За змеевиком боцман отправился на рынок. Рынков в ту пору в Питере было не то, что сейчас – на каждом углу, у каждого подъезда галдел разный люд, от цыган до норвежцев и бездомных лопарей, на золото, на драгоценные камешки, на вещи можно было выменять что угодно, свежую баранью тушу, не то что змеевик с мешком плесневелой картошки.
Деньги в ходу тоже были, не только те, что ценились всегда и ценятся сейчас – золотые царские червонцы [1]. Бумажная валюта с нововведённым гербом и обозначением «Р.С.Ф.С.Р.» особого восторга у граждан не вызывала, а иная злоязыкая торговка вообще могла швырнуть деньги в лицо и прошипеть:
– Пойди в нужник и подотри этими бумажками себе задницу!
Поскольку счёт рублям шёл на сотни тысяч и миллионы, то каждый дворник, каждый беспризорник в рваных штанах на одной пуговице могли считать себя миллионерами.
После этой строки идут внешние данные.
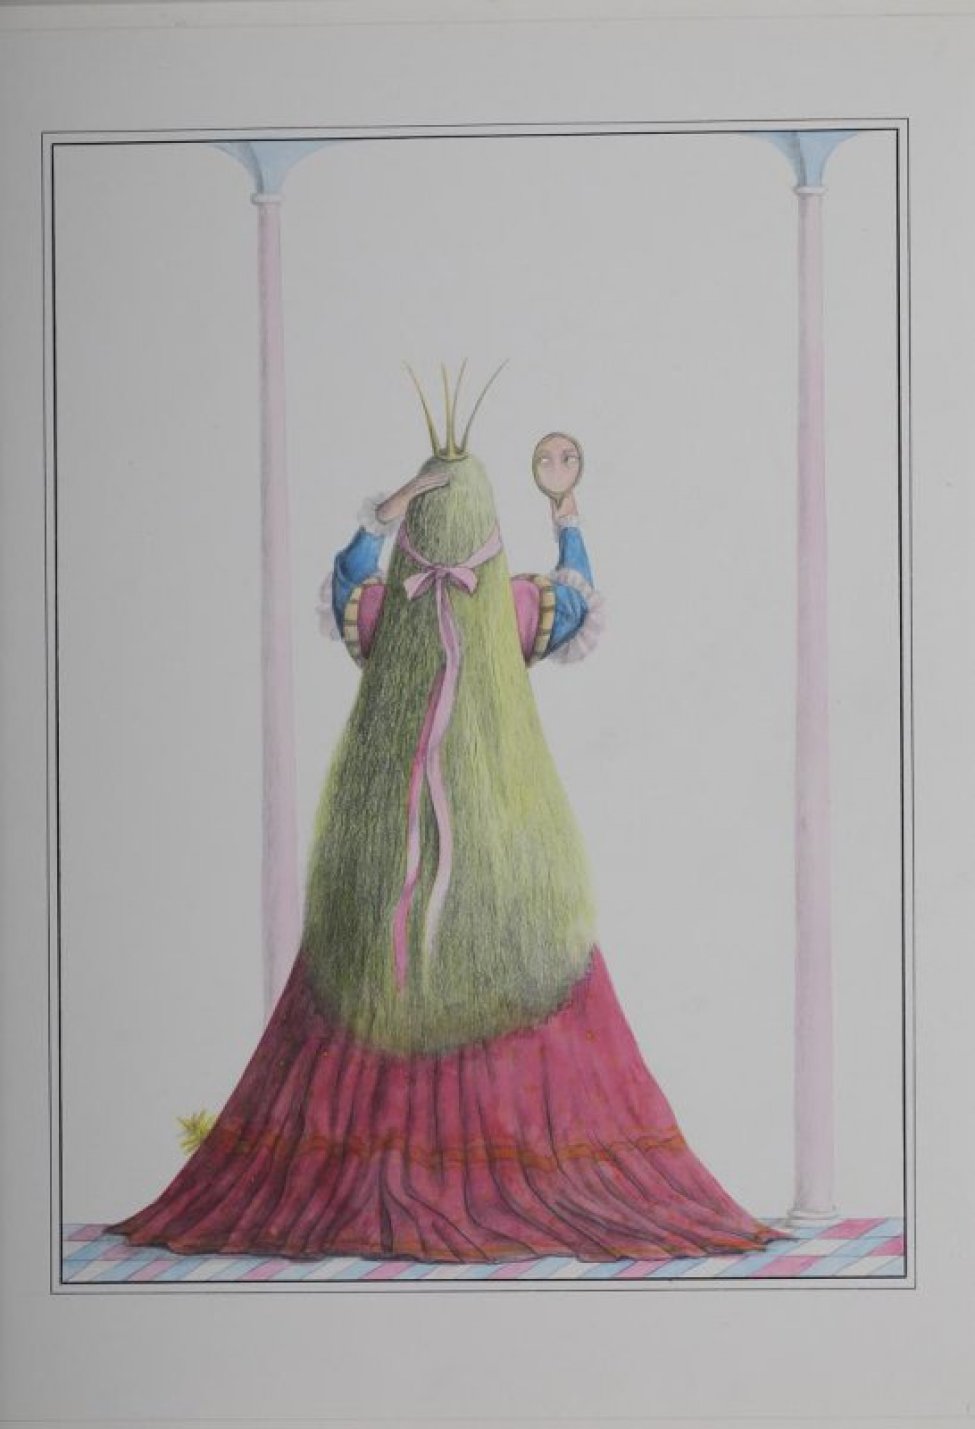 Изображена со спины стоящая у колонны женщина в длинном малиновом платье с короной на голове; в правой руке зеркало.

Куда ни плюнь, всюду копошились грязные, густо обсыпанные вшами миллионеры, прямо на асфальте они разводили костры из старых журналов, найденных на чердаках, и, тряся голыми чреслами, бесстрашно совали в пламя свои штаны, совершенно не боясь, что те могут покрыться ещё большим количеством дыр, либо вообще превратиться в одну большую прореху.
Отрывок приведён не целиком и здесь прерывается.